_SOURCE MATERIAL_:
= = =

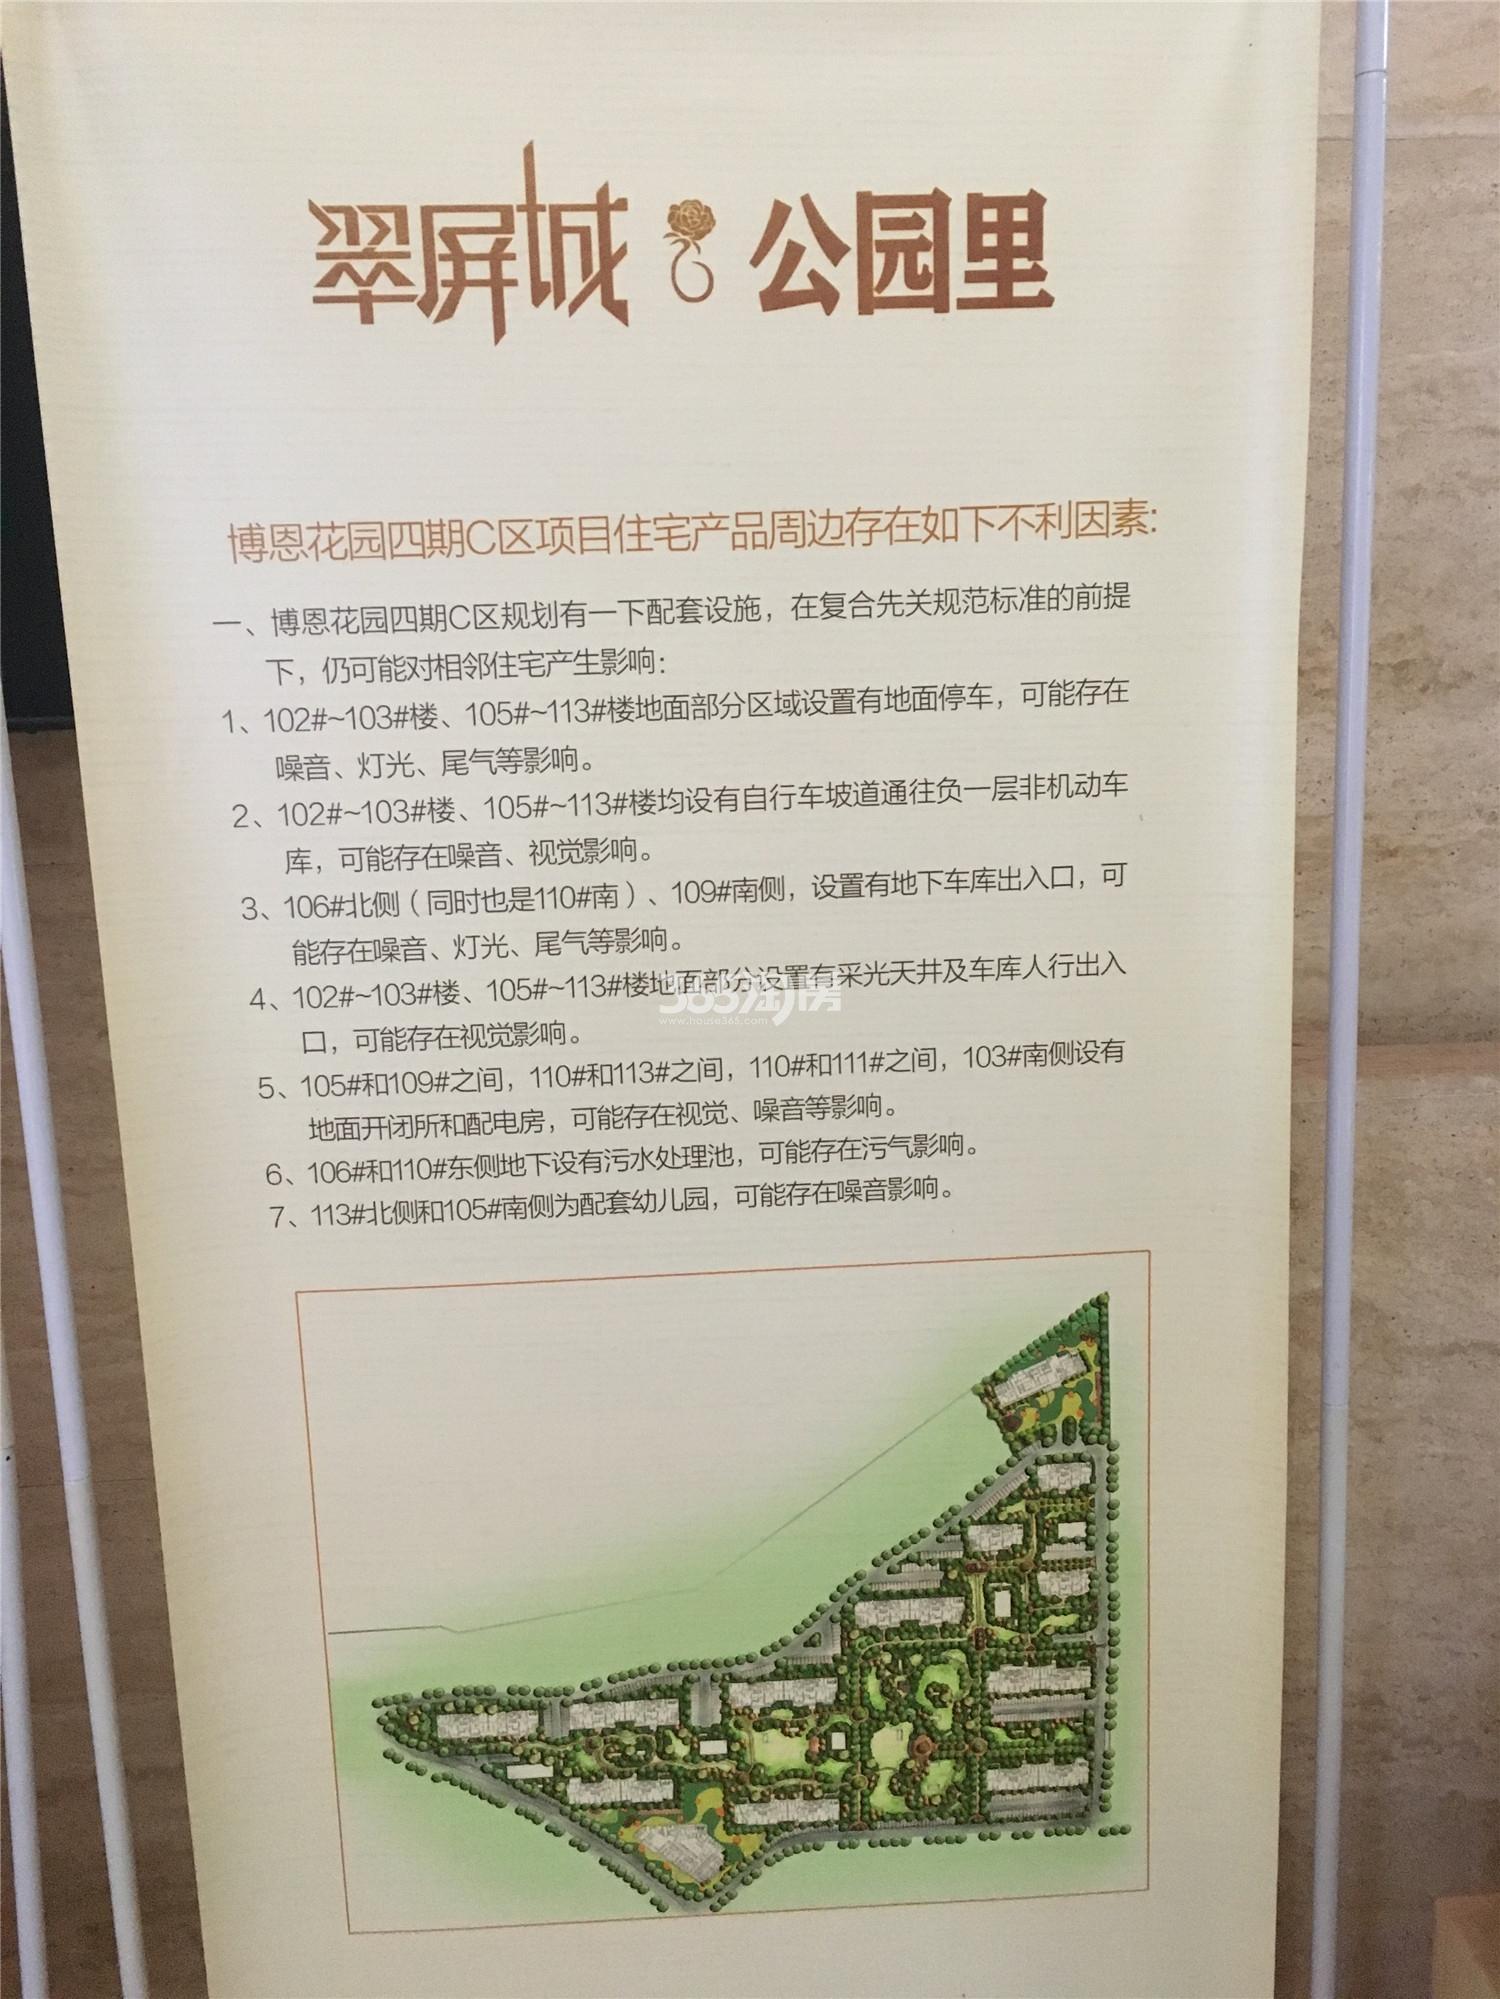 翠屏城不利因素公示(12.5)
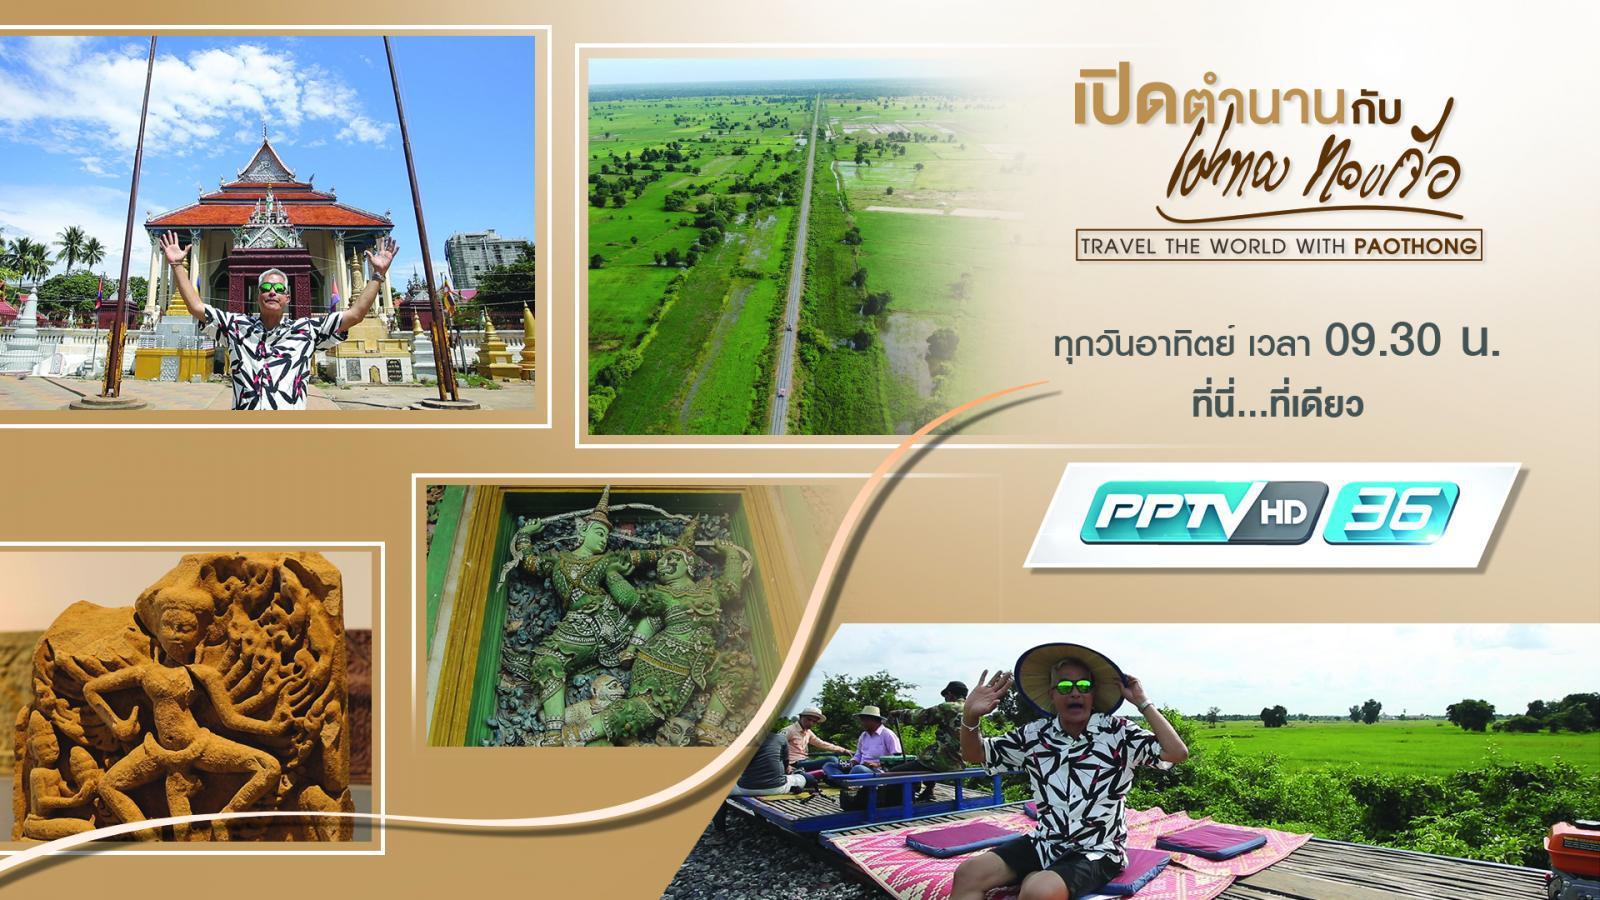 มหาสมบัติโบราณคดีแห่งเมืองพระตะบอง ประเทศกัมพูชา
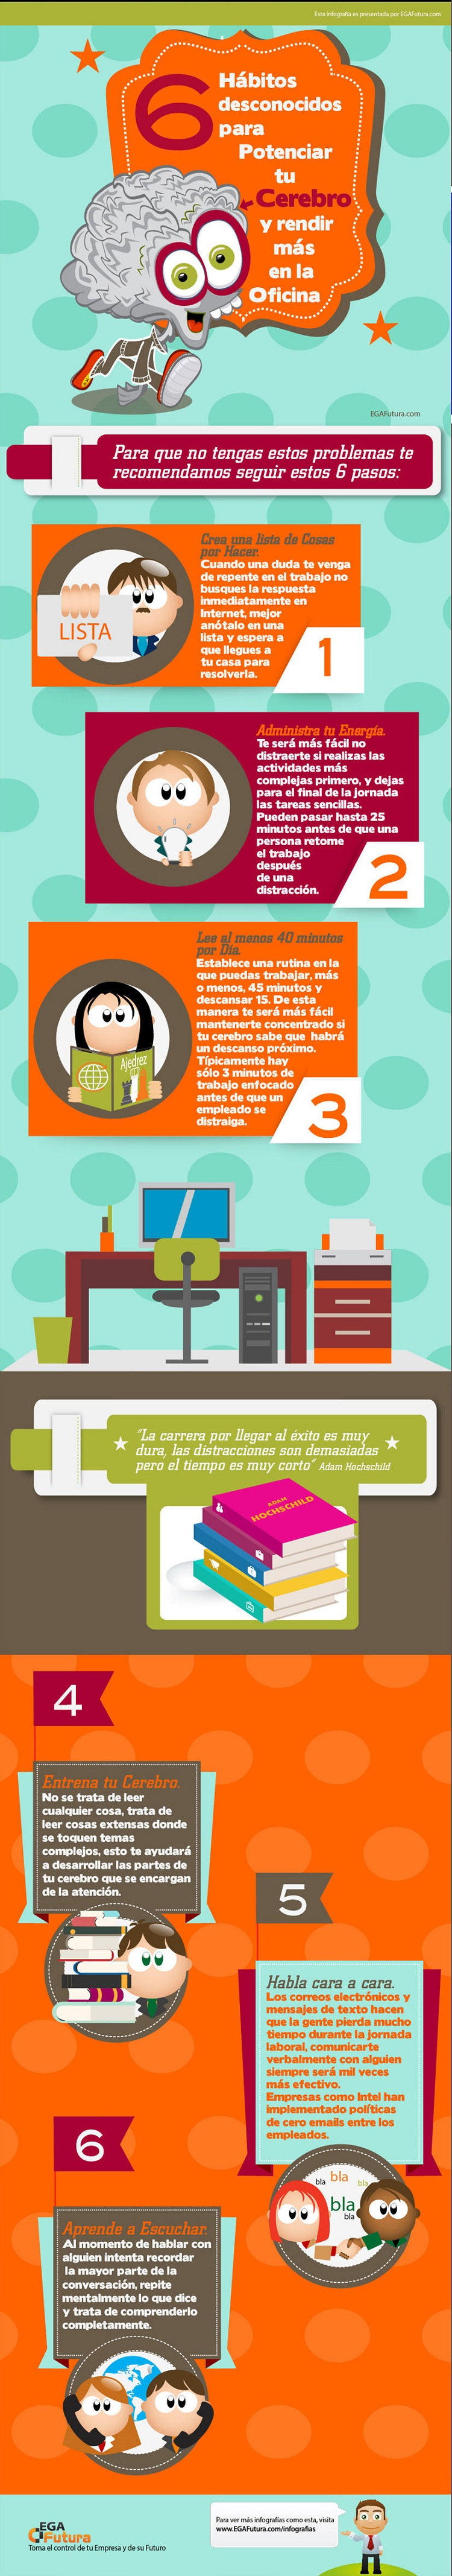 6 Hábitos para potenciar tu Cerebro y ser más productivo

= = =

_TASK STATEMENT_: Output the listing above exactly, but leave its pictures behind.

_WRITTEN ANSWER_:
 翠屏城不利因素公示(12.5)
 มหาสมบัติโบราณคดีแห่งเมืองพระตะบอง ประเทศกัมพูชา
 6 Hábitos para potenciar tu Cerebro y ser más productivo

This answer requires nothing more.